> [Task goal]: Under this line are the records; repeat exactly the lines starting at the one containing "riyogems 1 шт." and ending at the one containing "Radius Myanmar Services Co., Ltd.", omitting pictures.

> [Data in this exercise]:
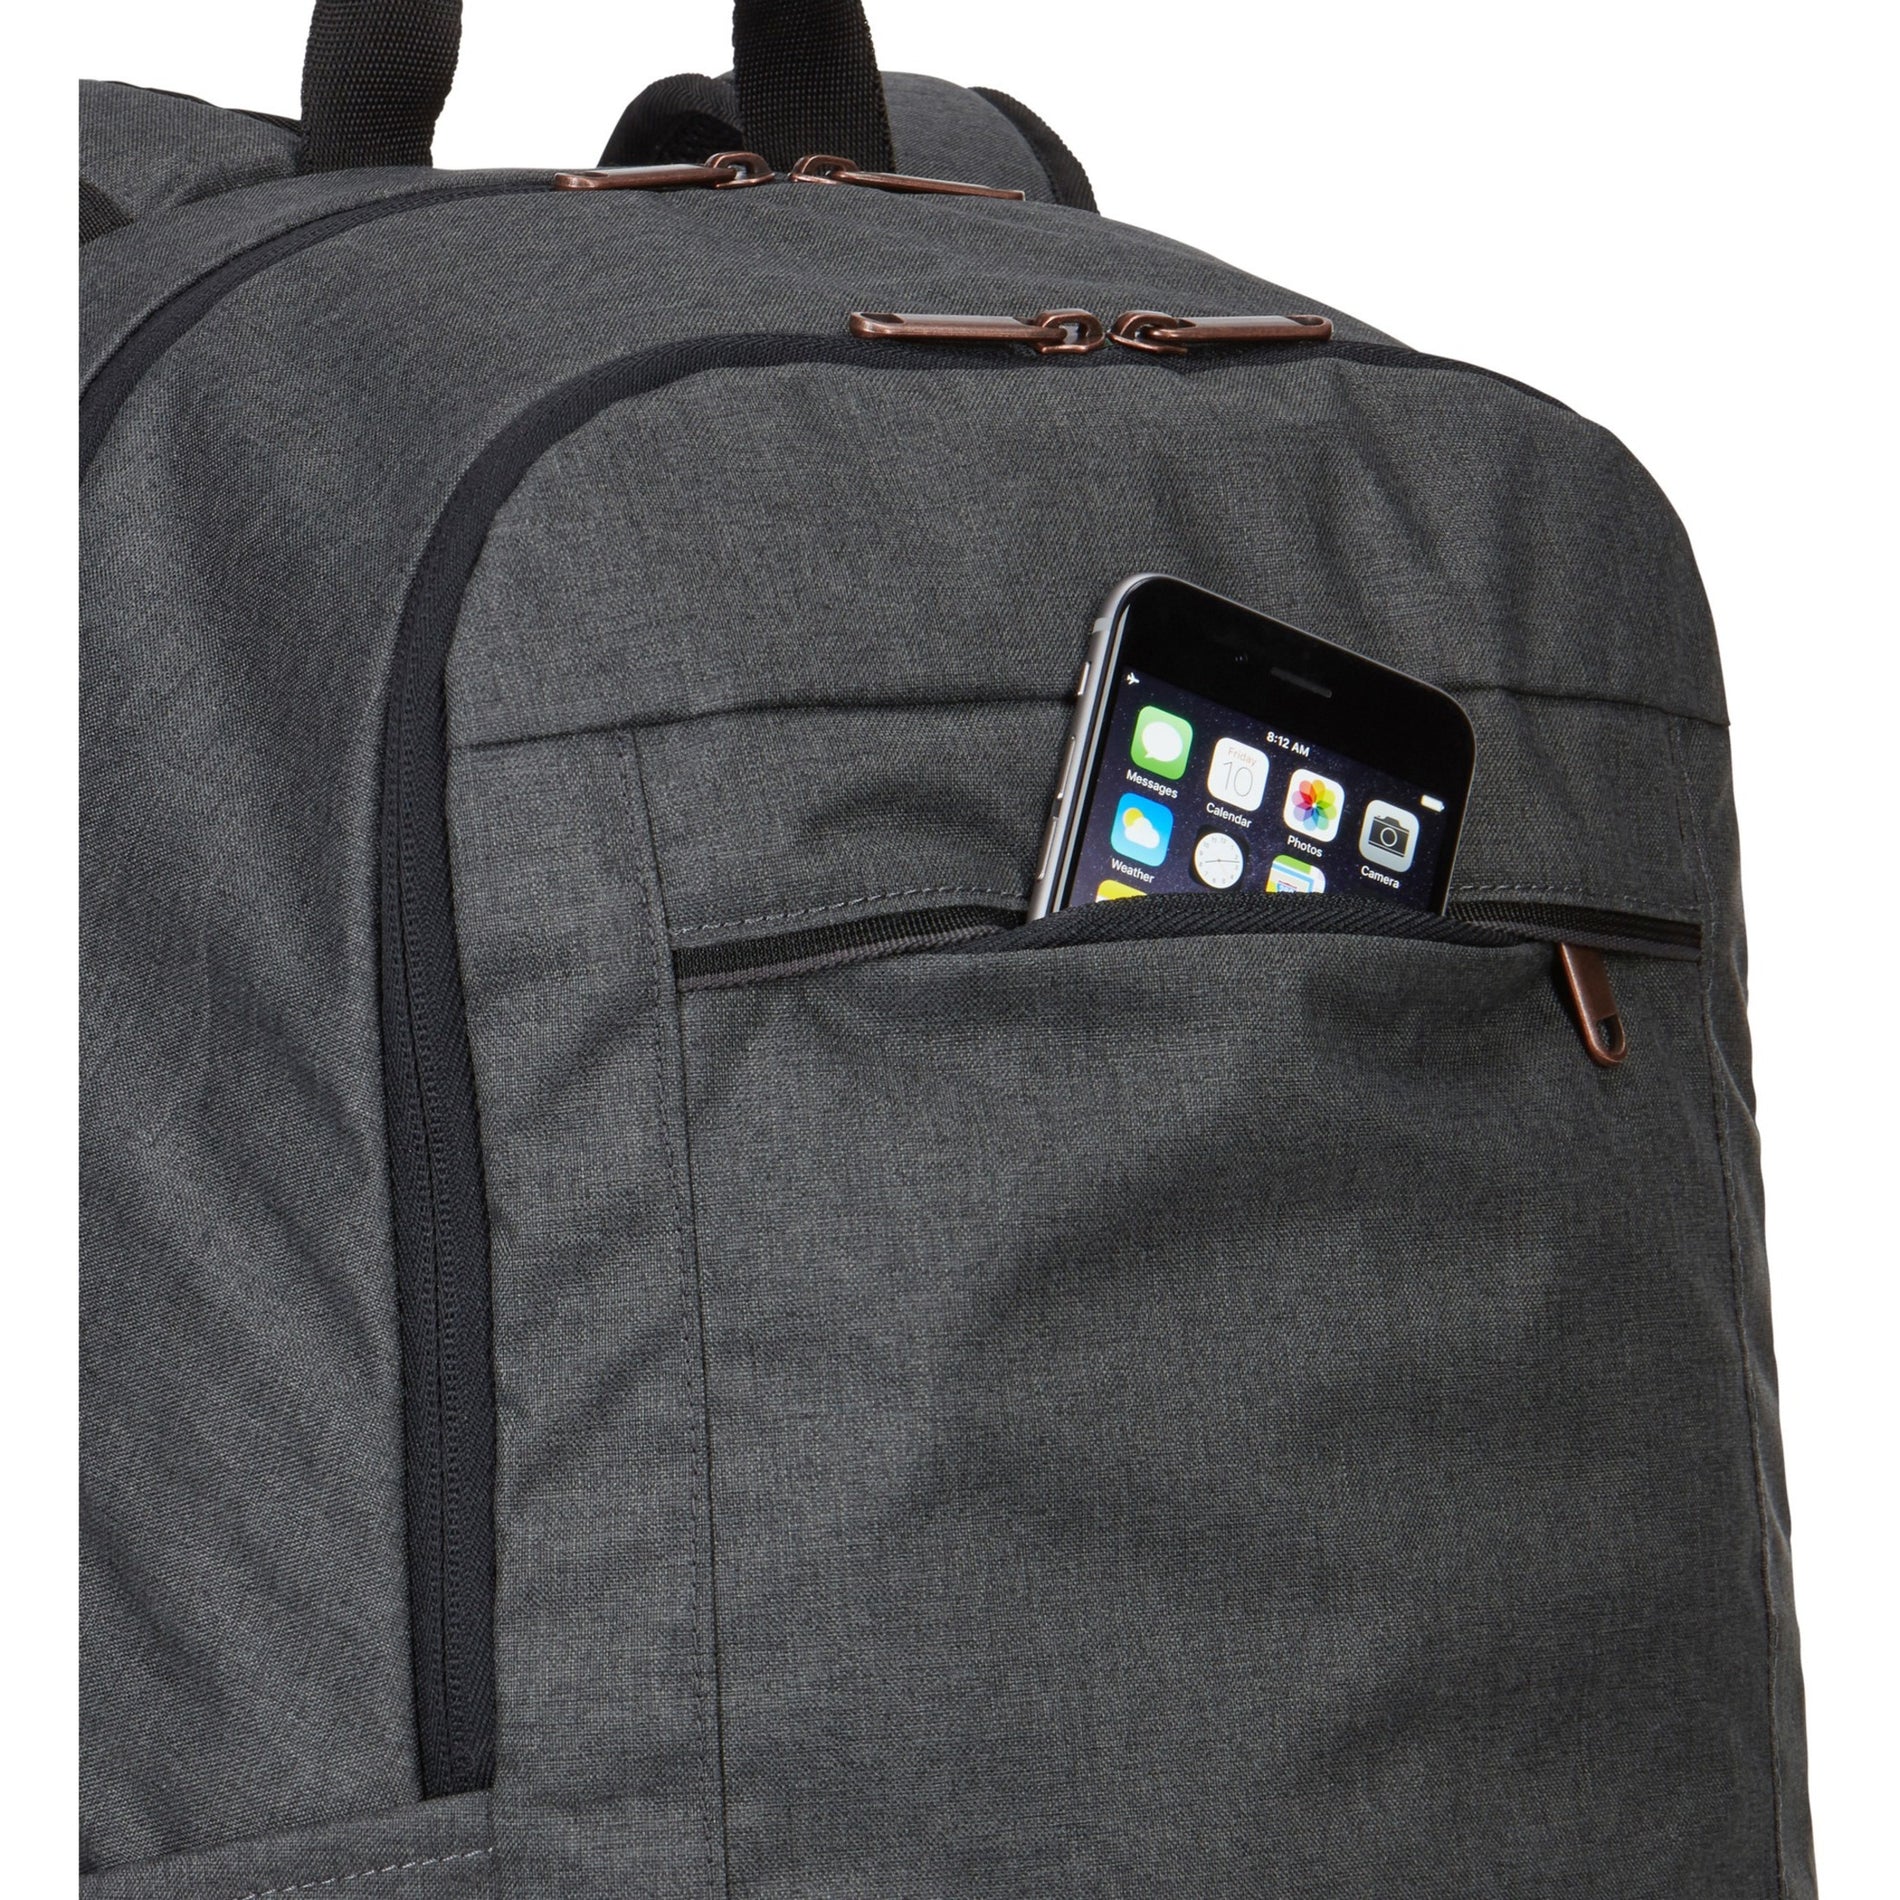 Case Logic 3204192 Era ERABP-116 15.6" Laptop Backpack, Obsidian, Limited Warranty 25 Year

* * *

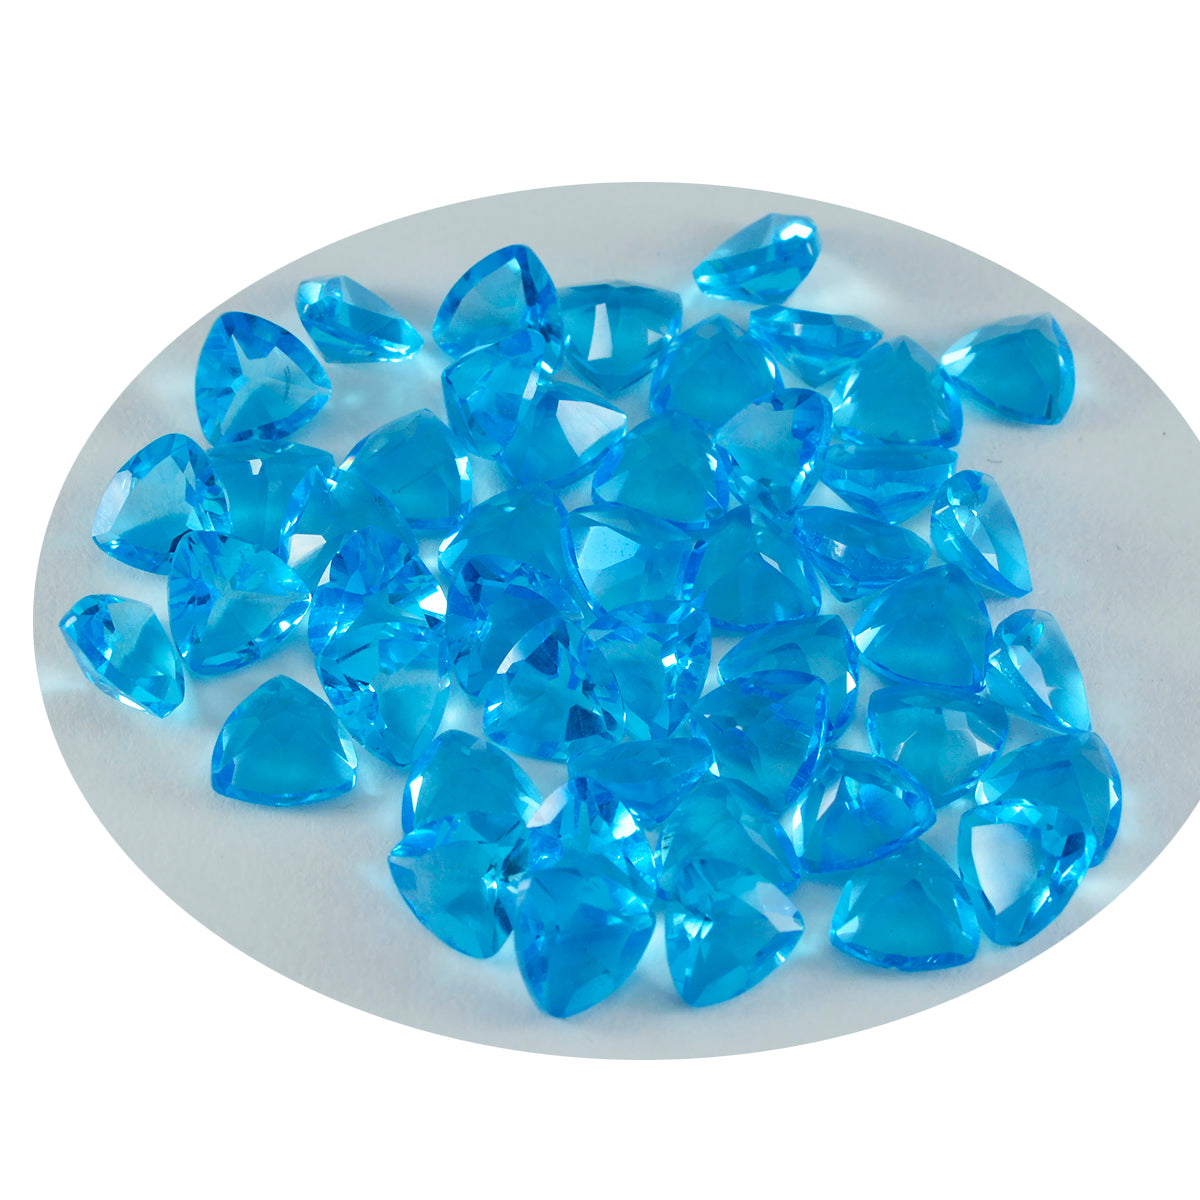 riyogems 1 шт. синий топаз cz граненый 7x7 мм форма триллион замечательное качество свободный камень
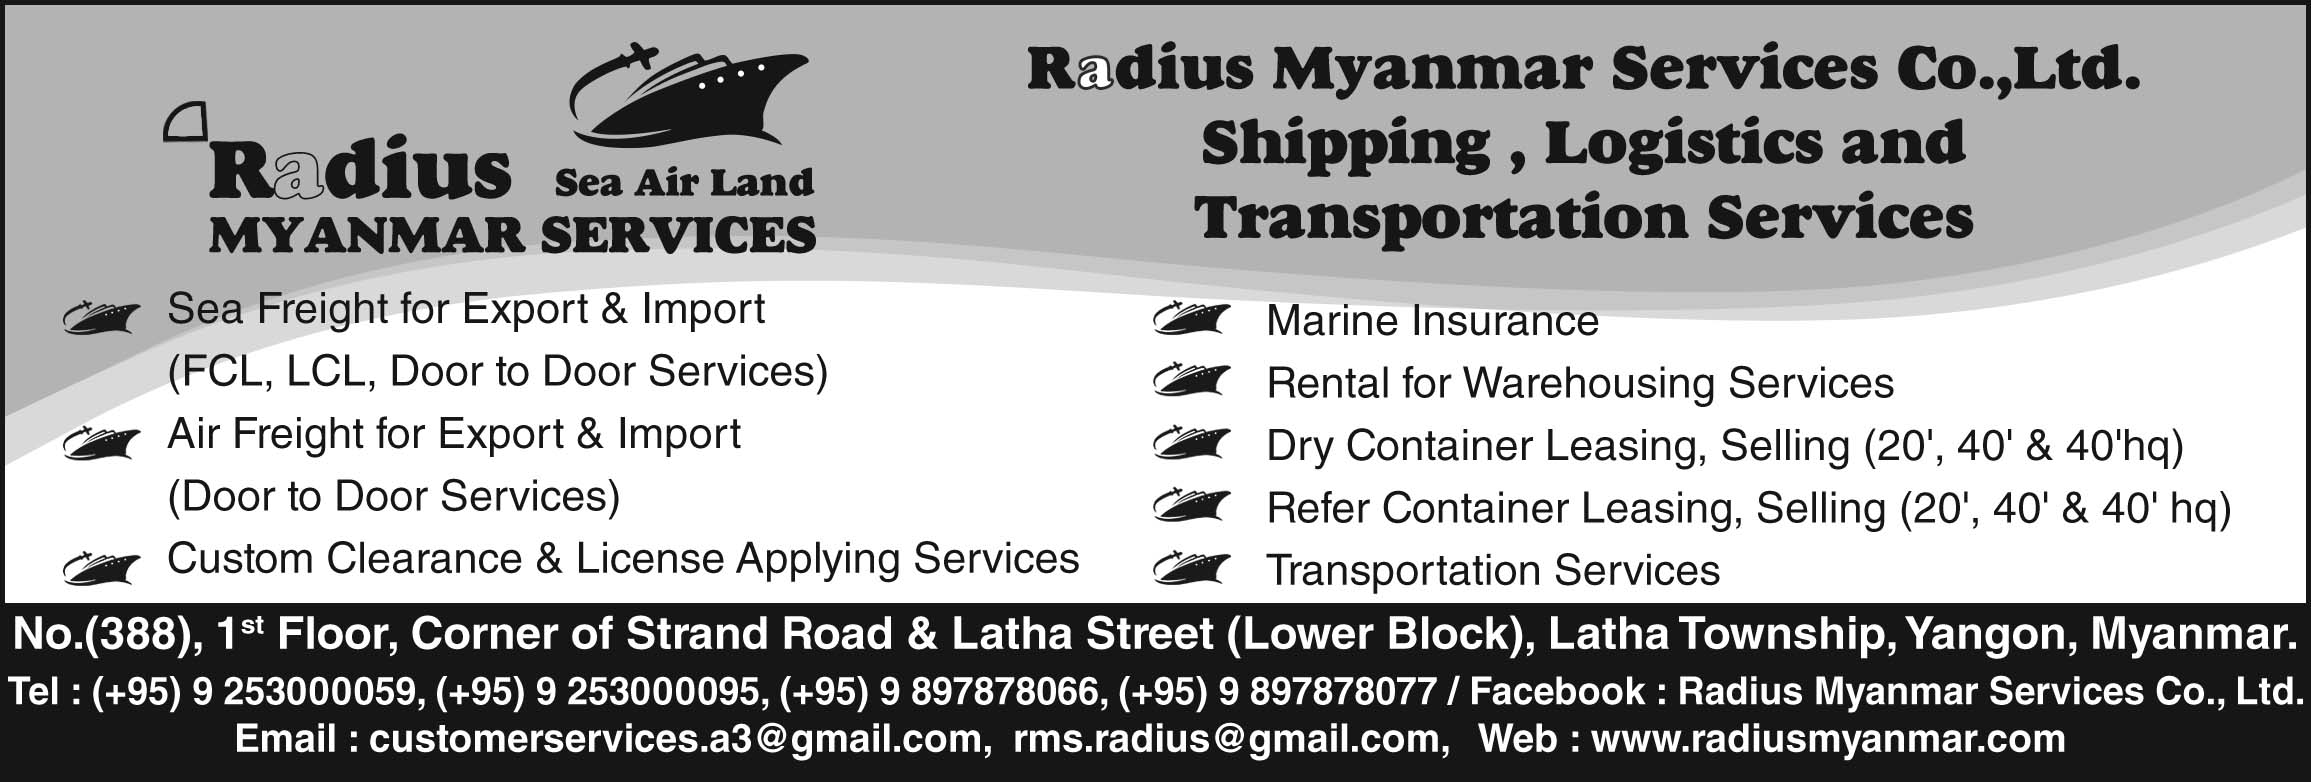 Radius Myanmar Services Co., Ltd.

> [The completed task]:
 riyogems 1 шт. синий топаз cz граненый 7x7 мм форма триллион замечательное качество свободный камень
 Radius Myanmar Services Co., Ltd.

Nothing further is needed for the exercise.